THE TASK: Restate all of the following data exactly, keeping any images out of the copy.

INFORMATION SUPPLIED:
————————

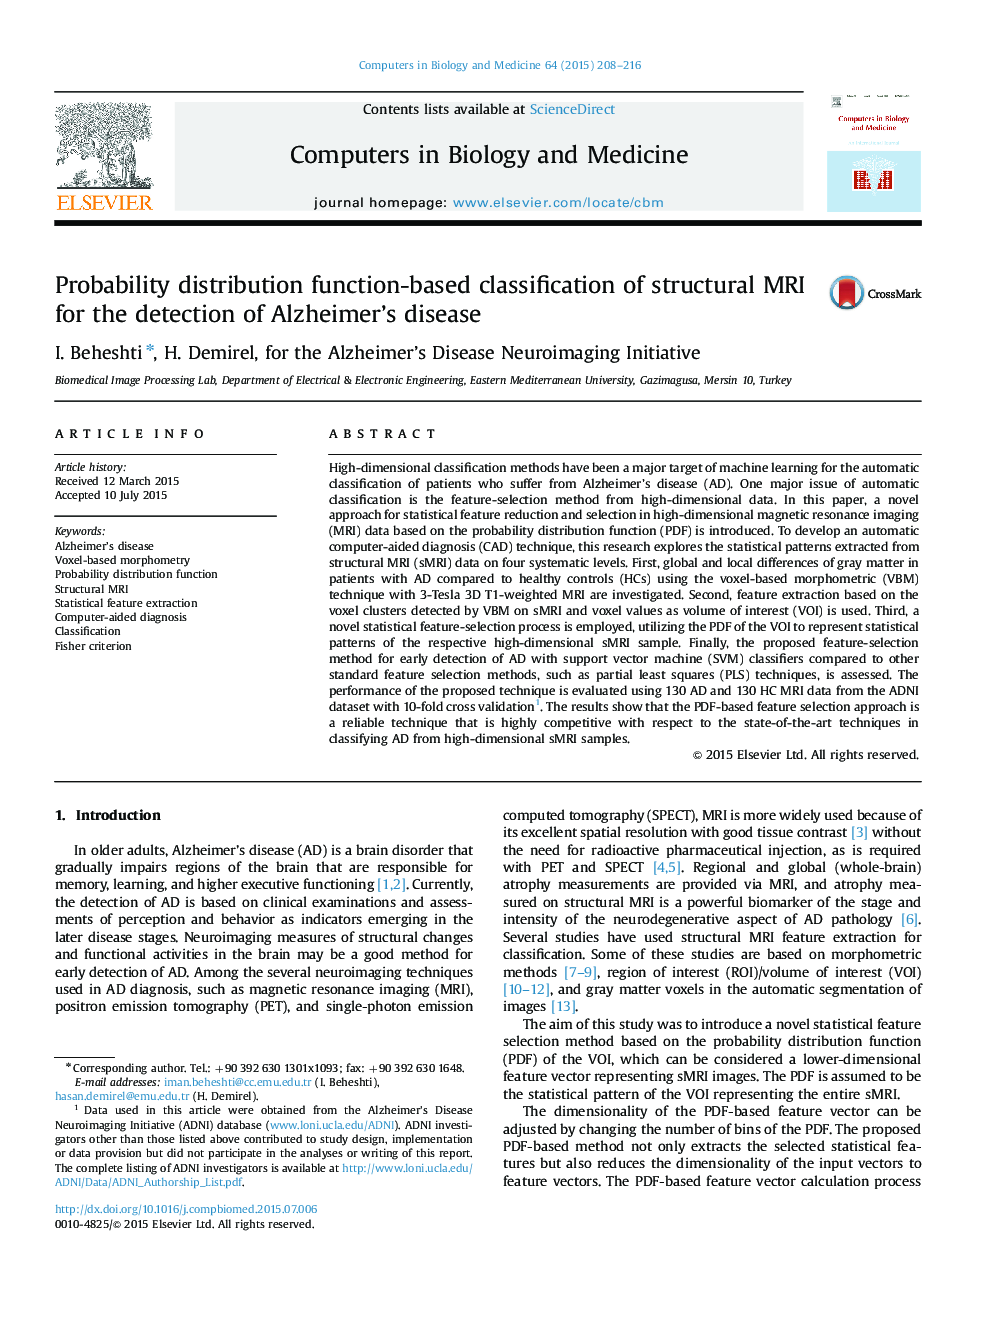 Probability distribution function-based classification of structural MRI for the detection of Alzheimer’s disease
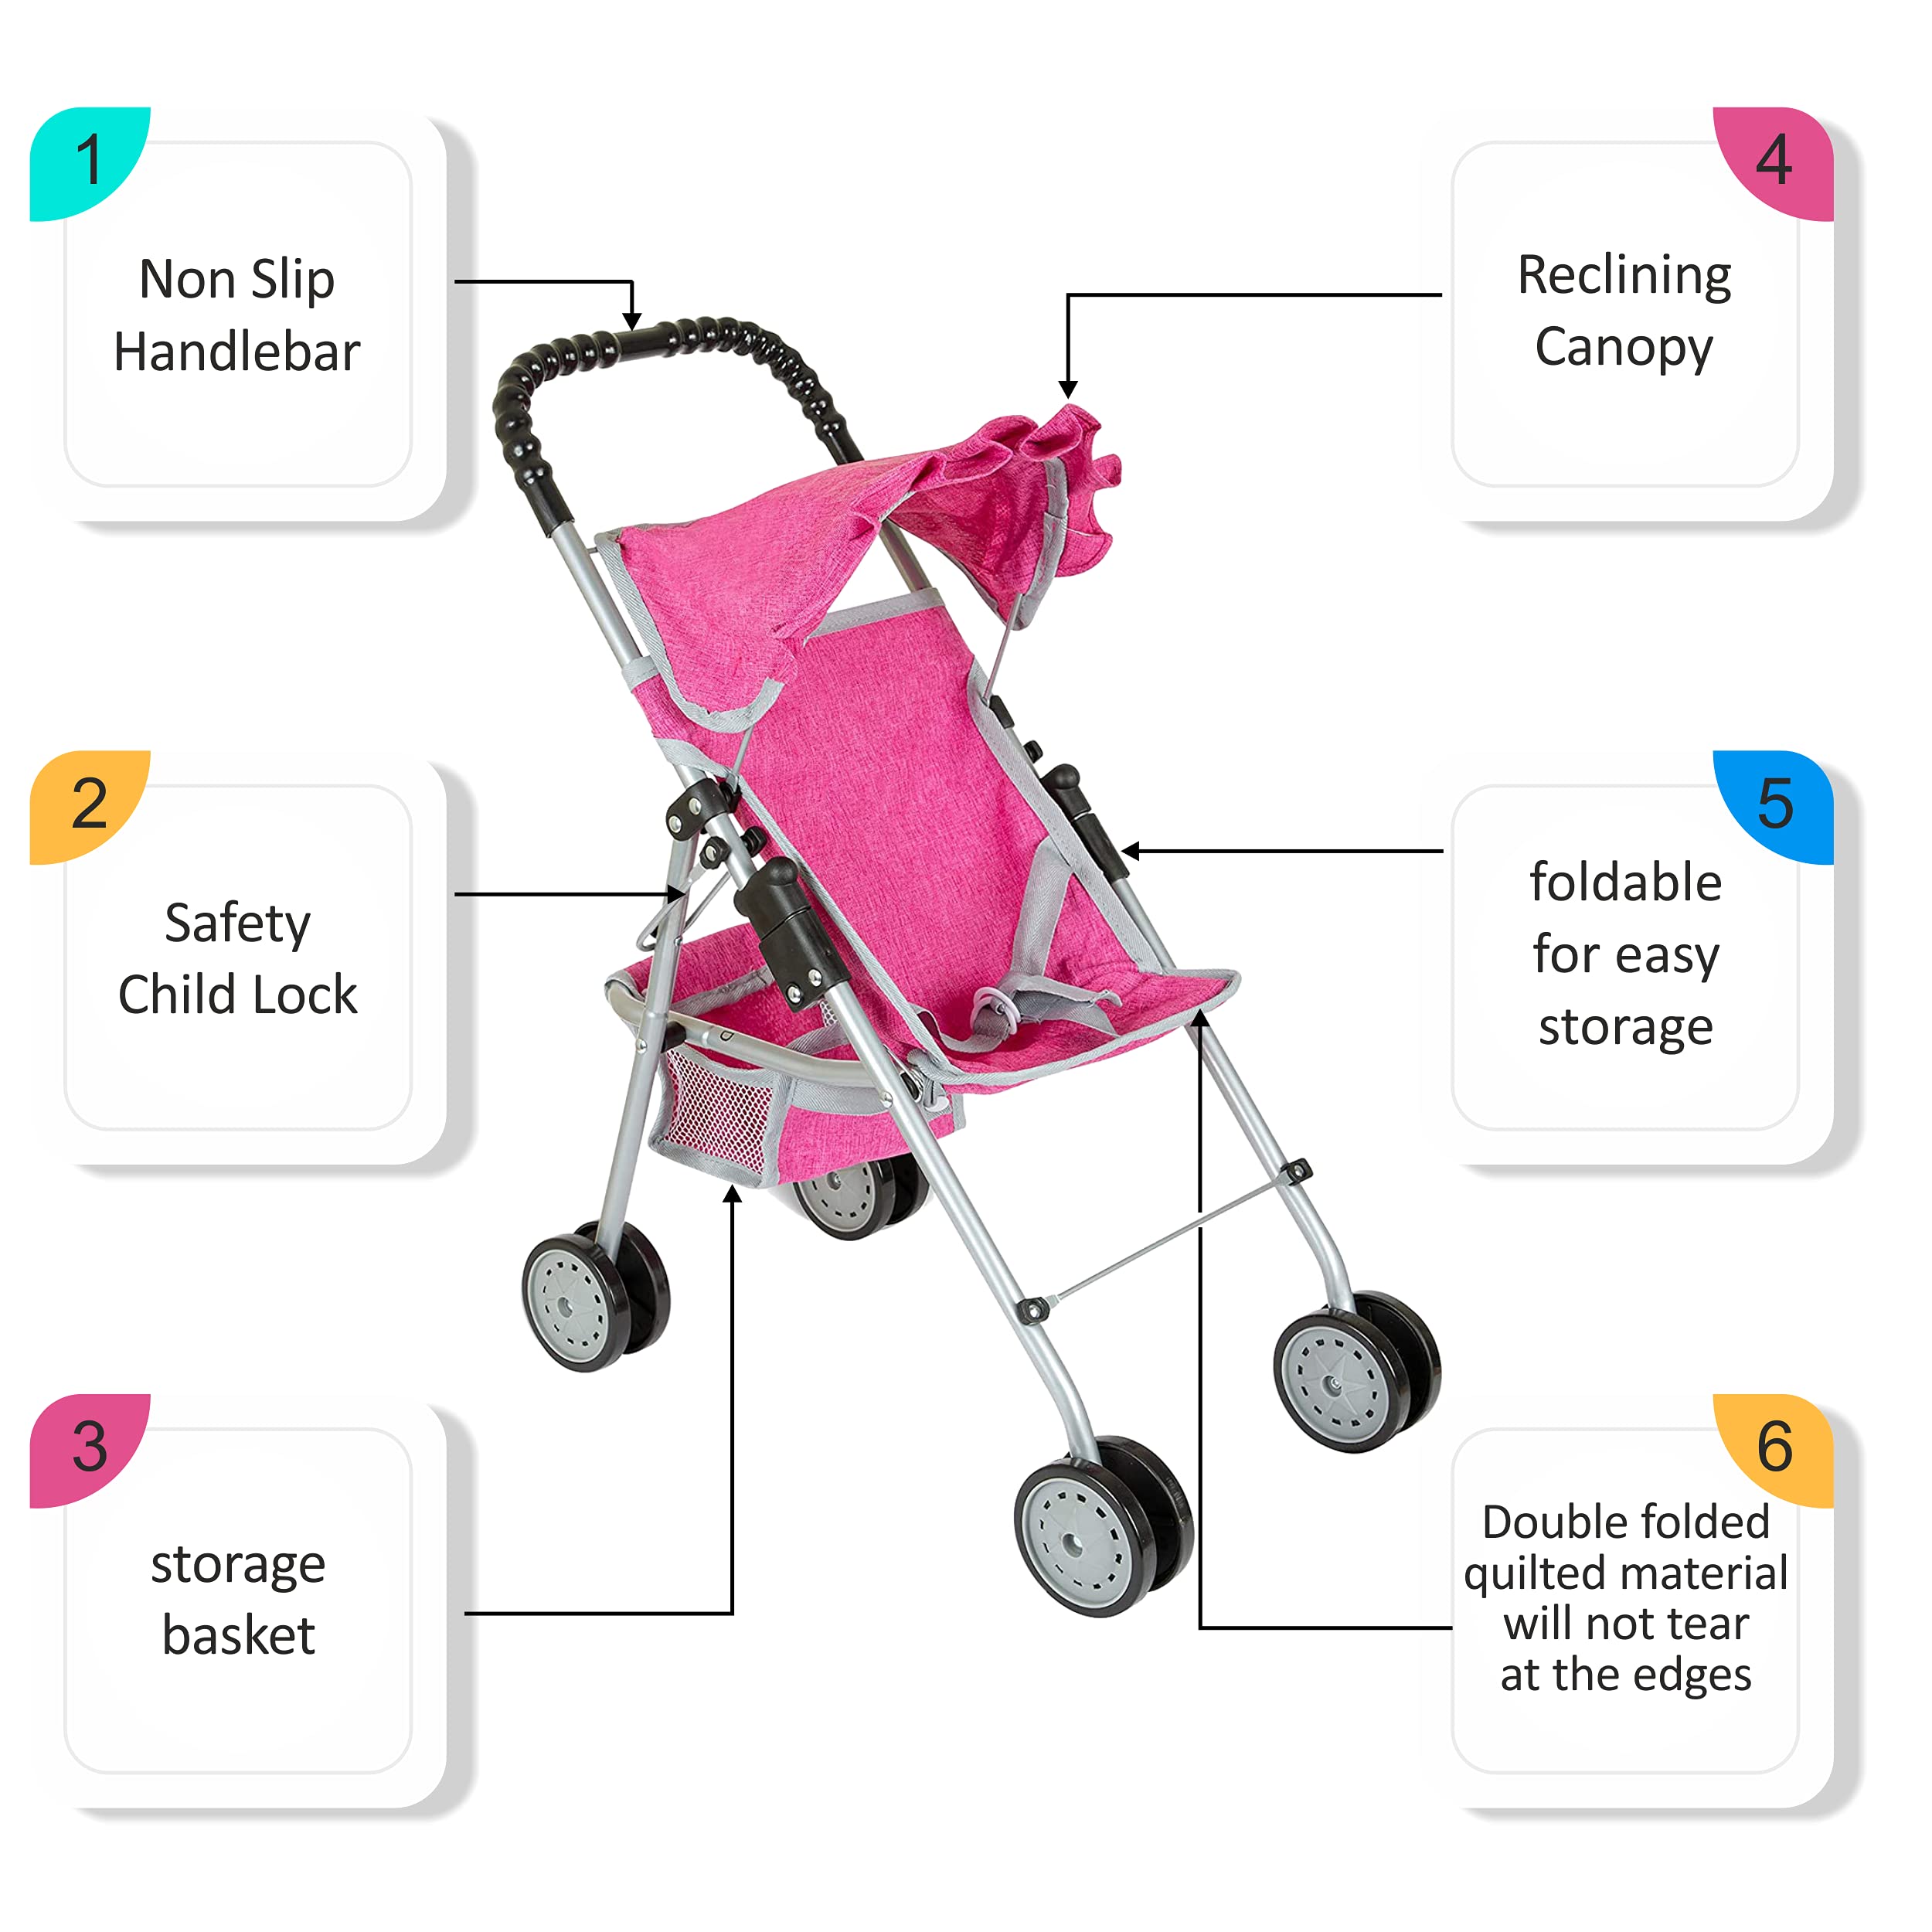 Fash N Kolor Doll Play Set 3 in 1 Doll Set, 1 Pack N Play, Doll Stroller, Doll High Chair Fits Up to 18'' Doll Denim Pink
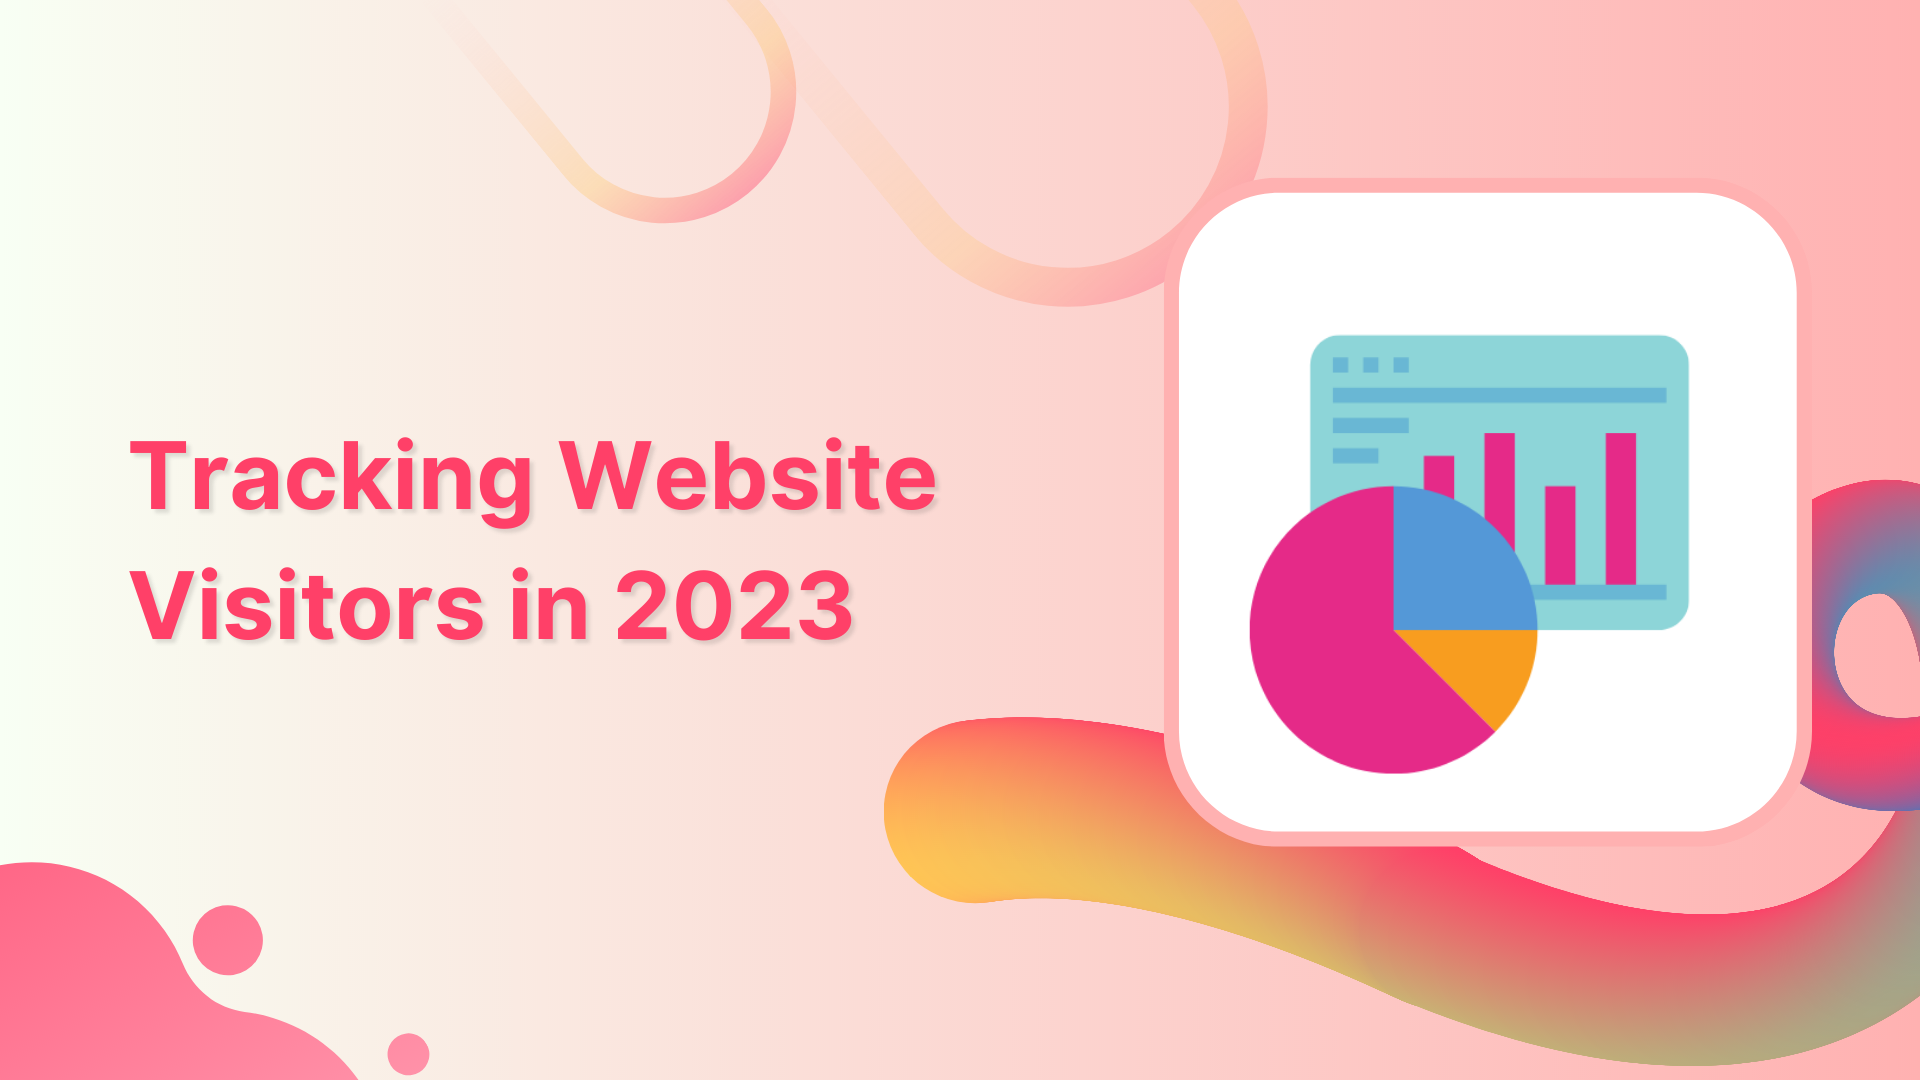 Guide To Tracking Website Visitors & Top 6 Tools for 2023

————————

SOLVED EXERCISE:
 Probability distribution function-based classification of structural MRI for the detection of Alzheimer’s disease
 Fash N Kolor Doll Play Set 3 in 1 Doll Set, 1 Pack N Play, Doll Stroller, Doll High Chair Fits Up to 18'' Doll Denim Pink
 Guide To Tracking Website Visitors & Top 6 Tools for 2023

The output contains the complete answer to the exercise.